--- The problem ---
Would you please transcribe the listing exactly, with no images?

--- Available data ---
::::::::::

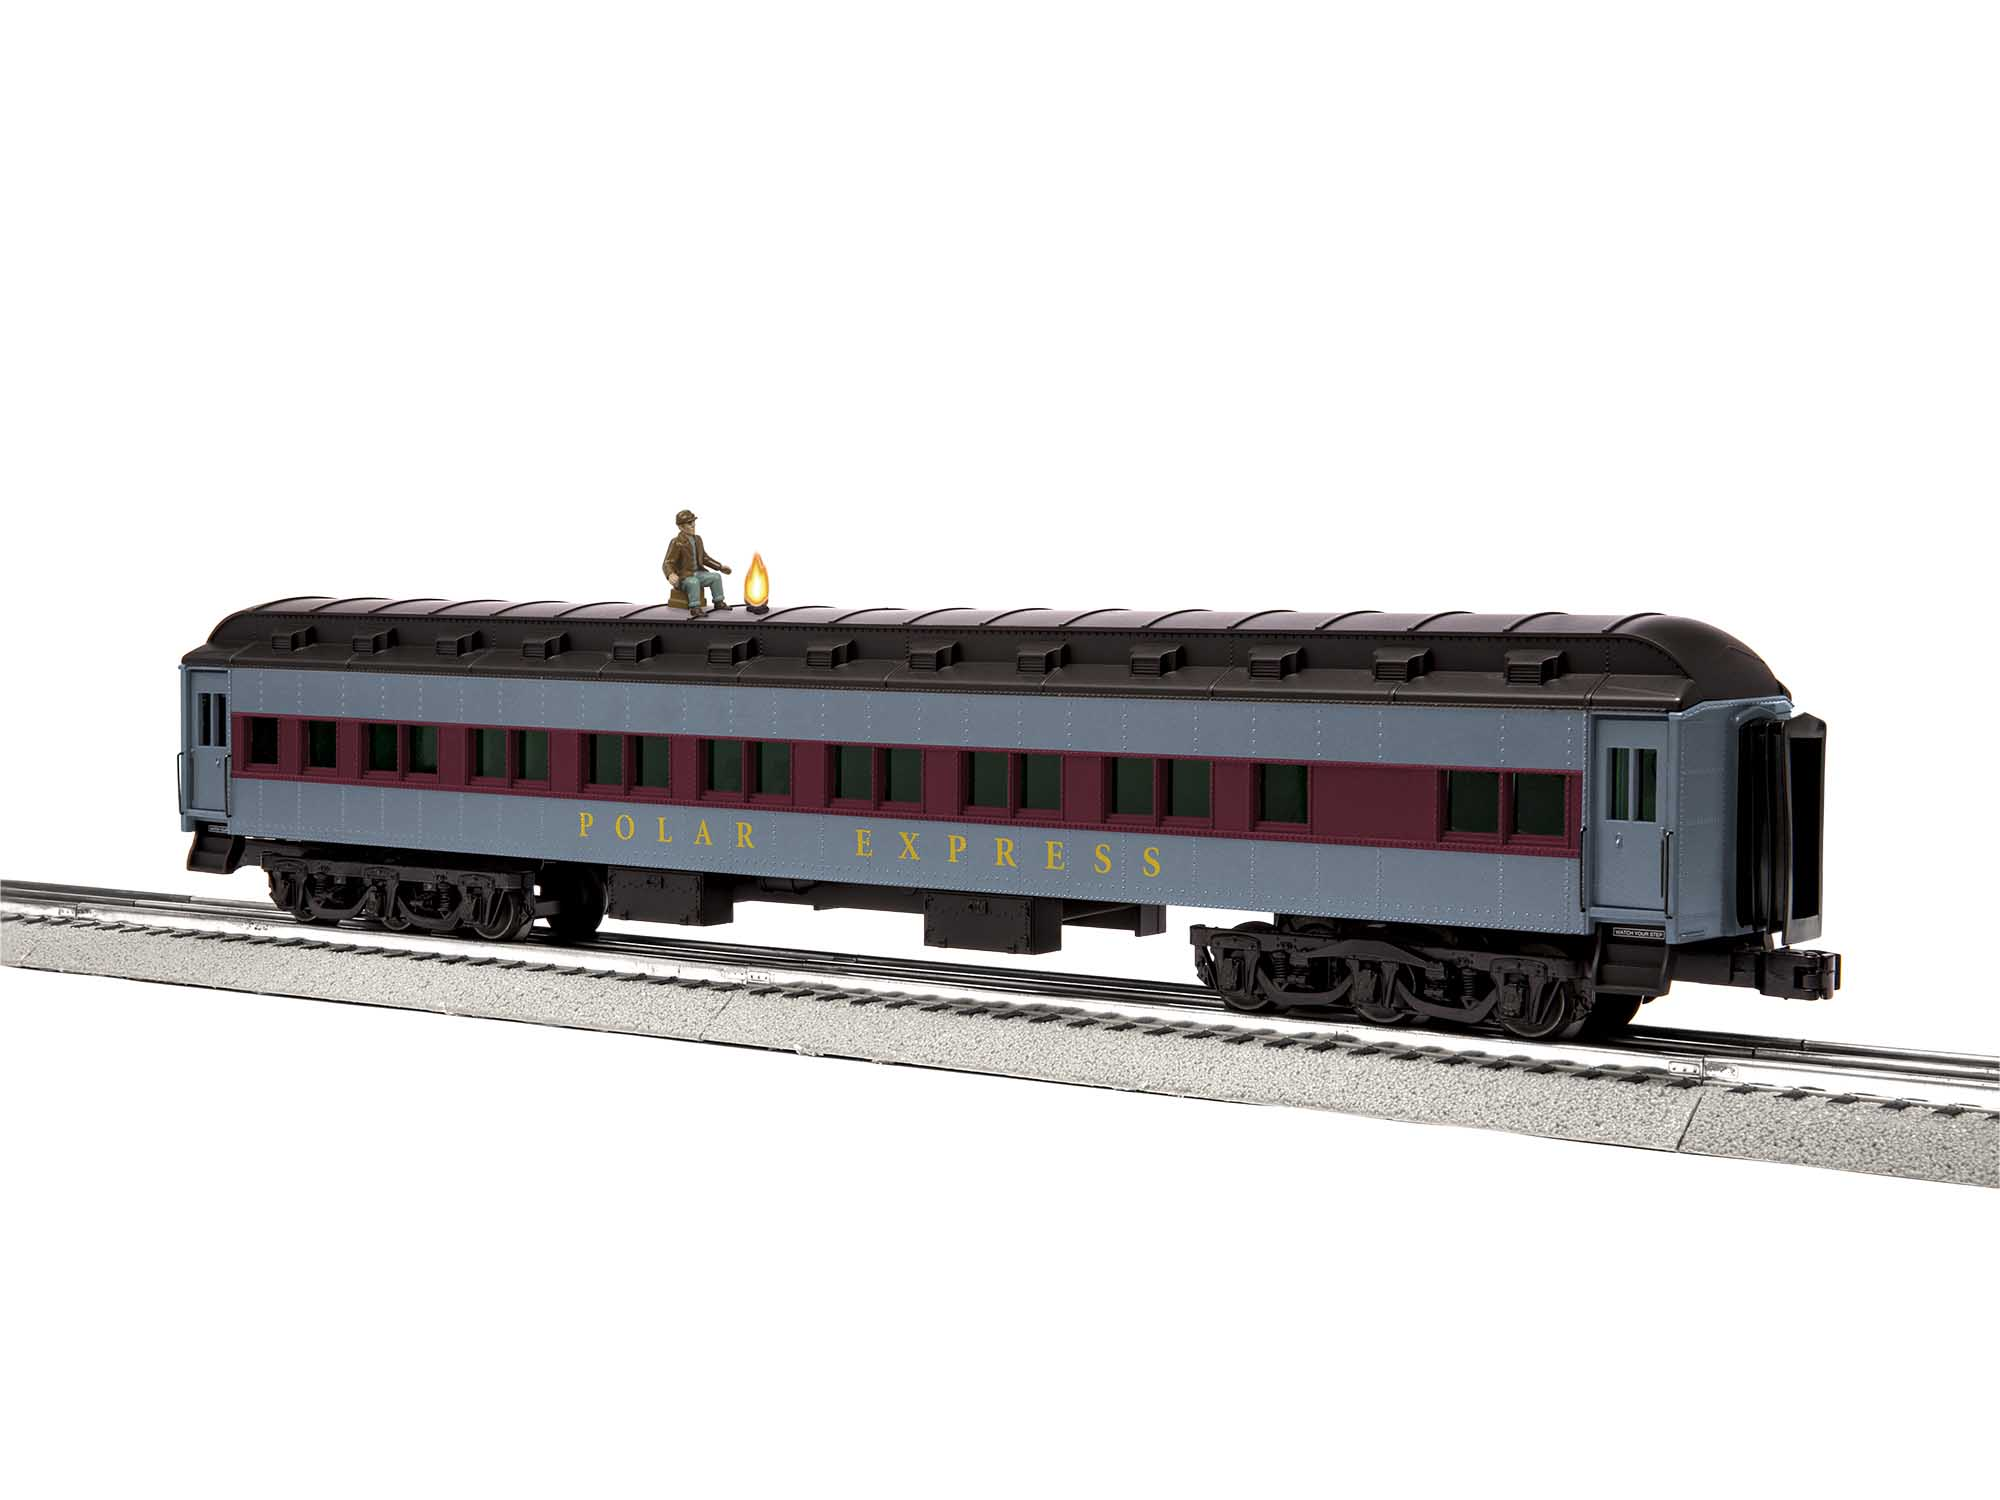 Lionel 2027470 O Passenger The Polar Express Hobo Black Roof
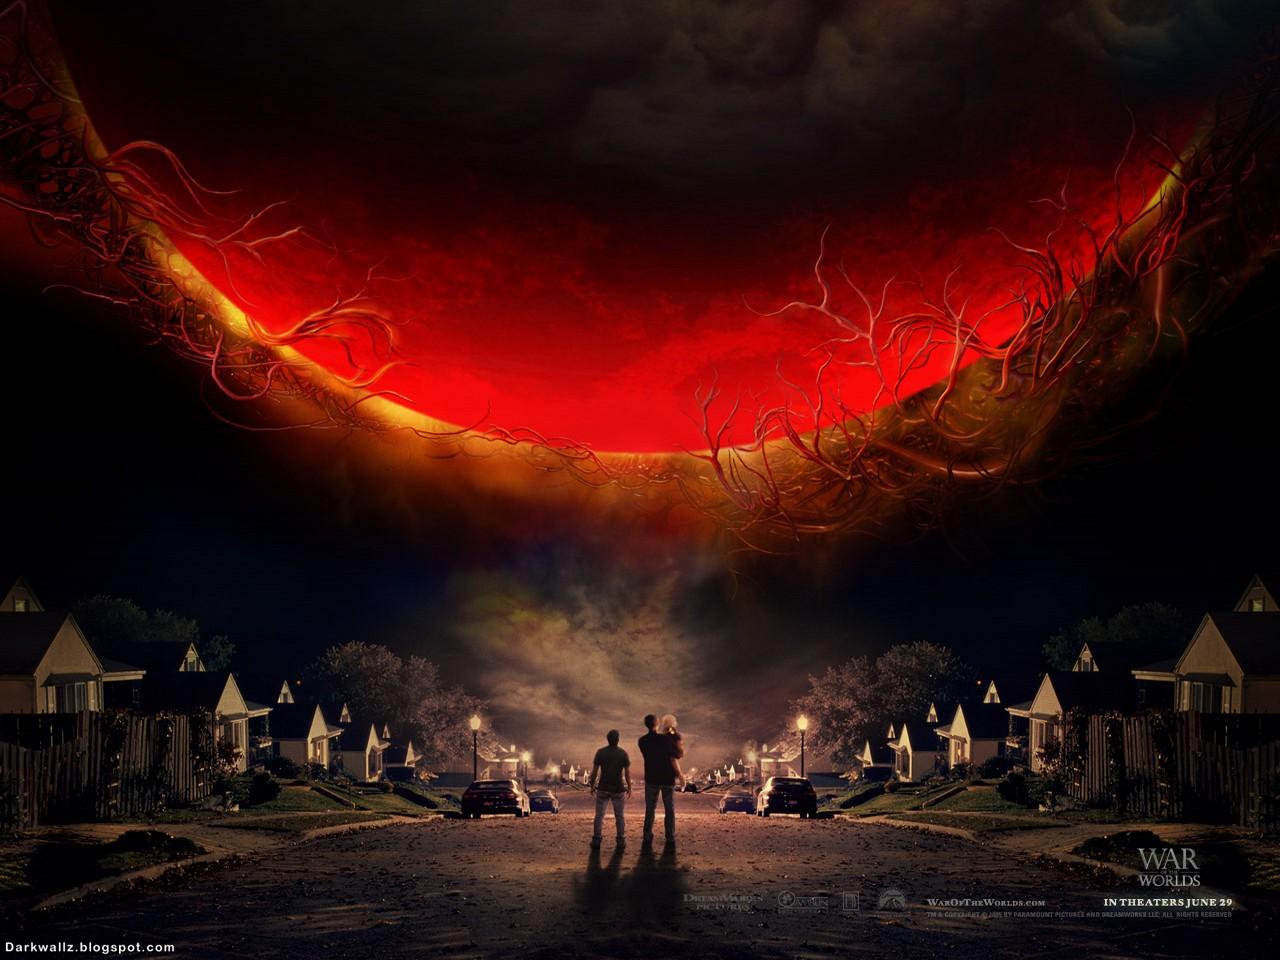 http://4.bp.blogspot.com/_-jo2ZCYhKaY/S4vtIZLtqGI/AAAAAAAAG4M/LUyMGR2sXZE/s1600/Creepy_Movies_Wallpapers_22%2B(darkwallz.blogspot.com).jpg
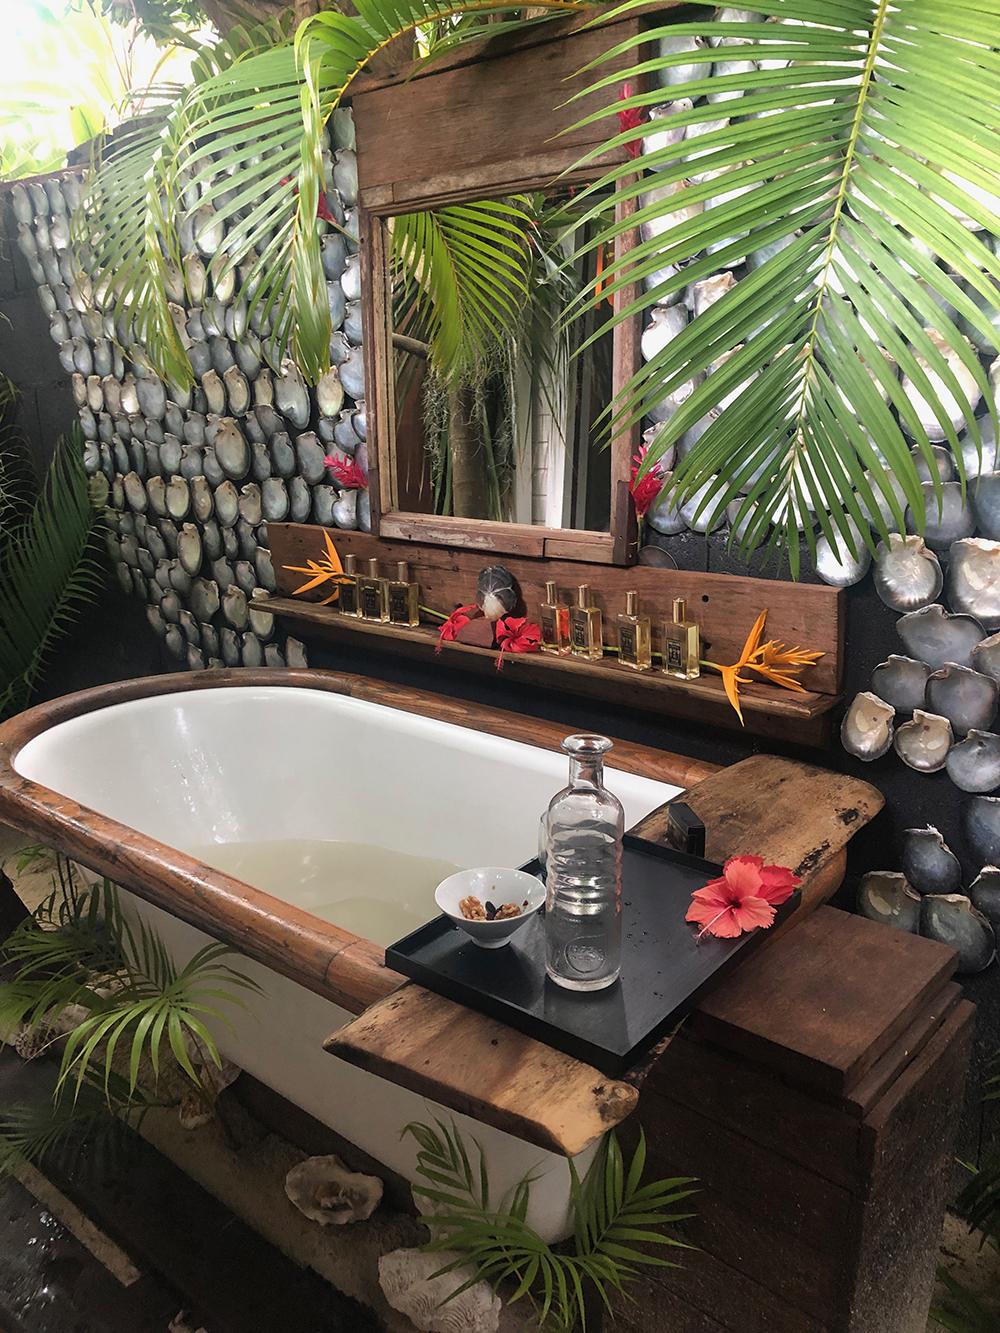 The Zen Garden area features a stunning open-air bath tub.
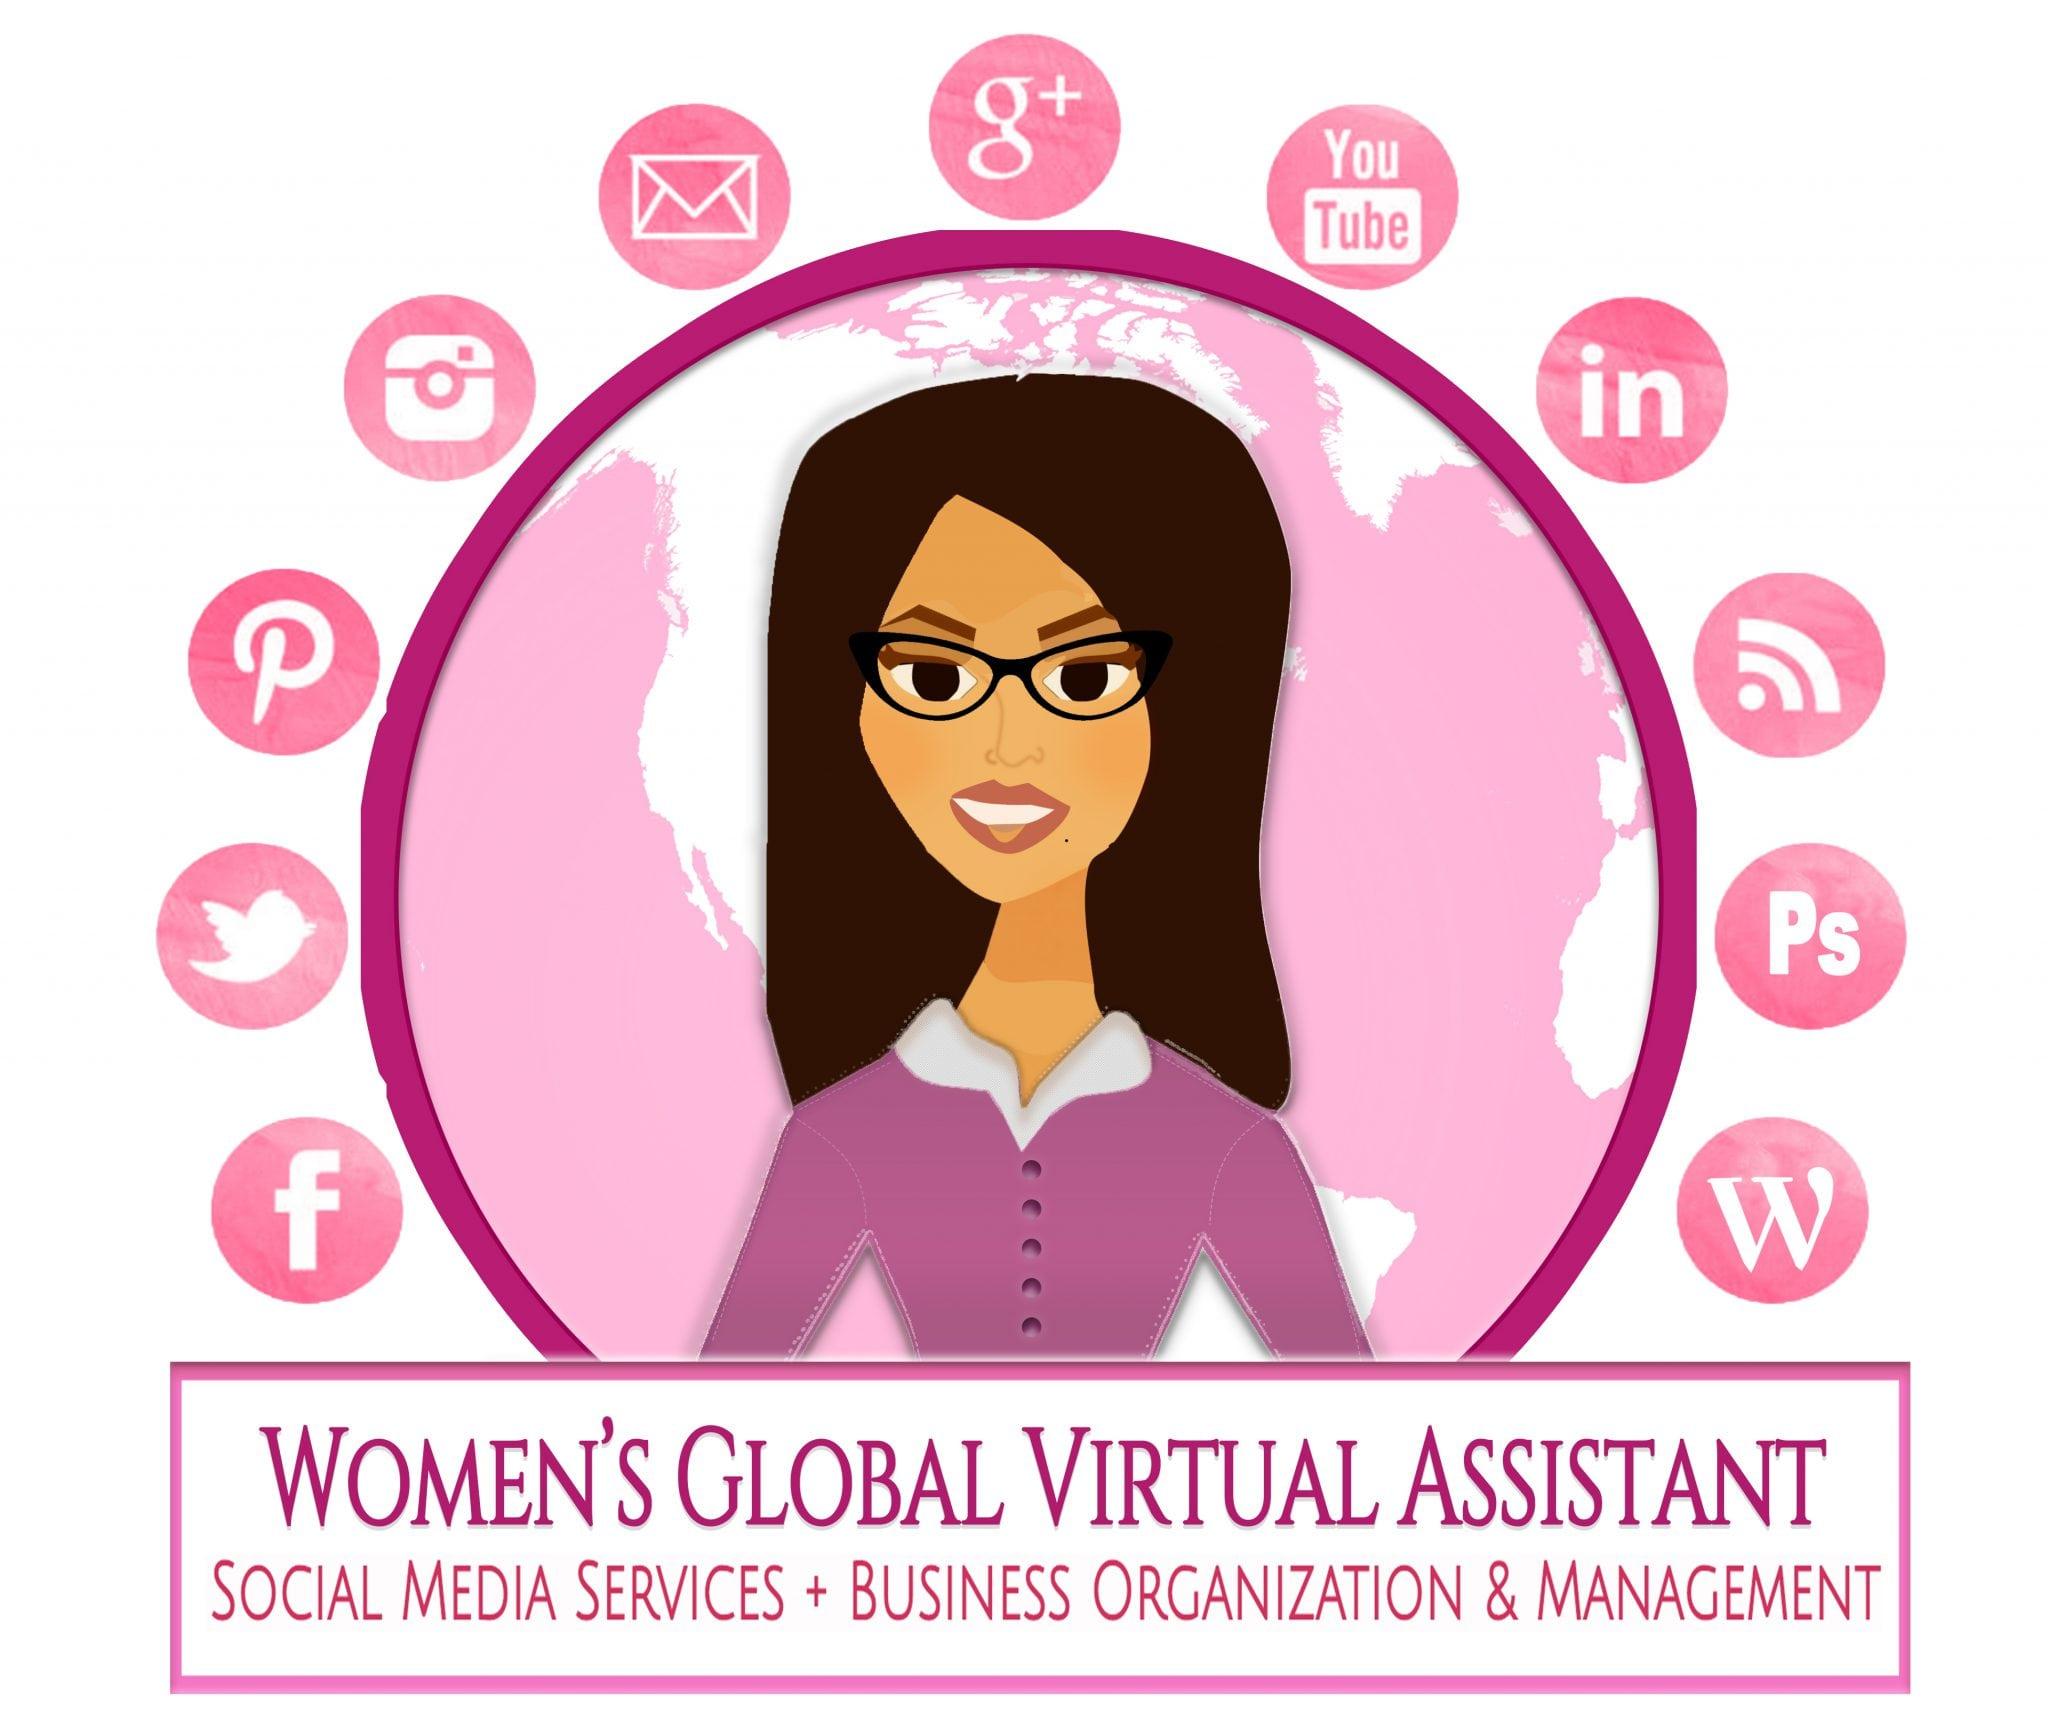 Women's Global Virtual Assistant Social Media Services+ Business Organization & Management

::::::::::

--- Written solution ---
 Lionel 2027470 O Passenger The Polar Express Hobo Black Roof
 http://4.bp.blogspot.com/_-jo2ZCYhKaY/S4vtIZLtqGI/AAAAAAAAG4M/LUyMGR2sXZE/s1600/Creepy_Movies_Wallpapers_22%2B(darkwallz.blogspot.com).jpg
 The Zen Garden area features a stunning open-air bath tub.
 Women's Global Virtual Assistant Social Media Services+ Business Organization & Management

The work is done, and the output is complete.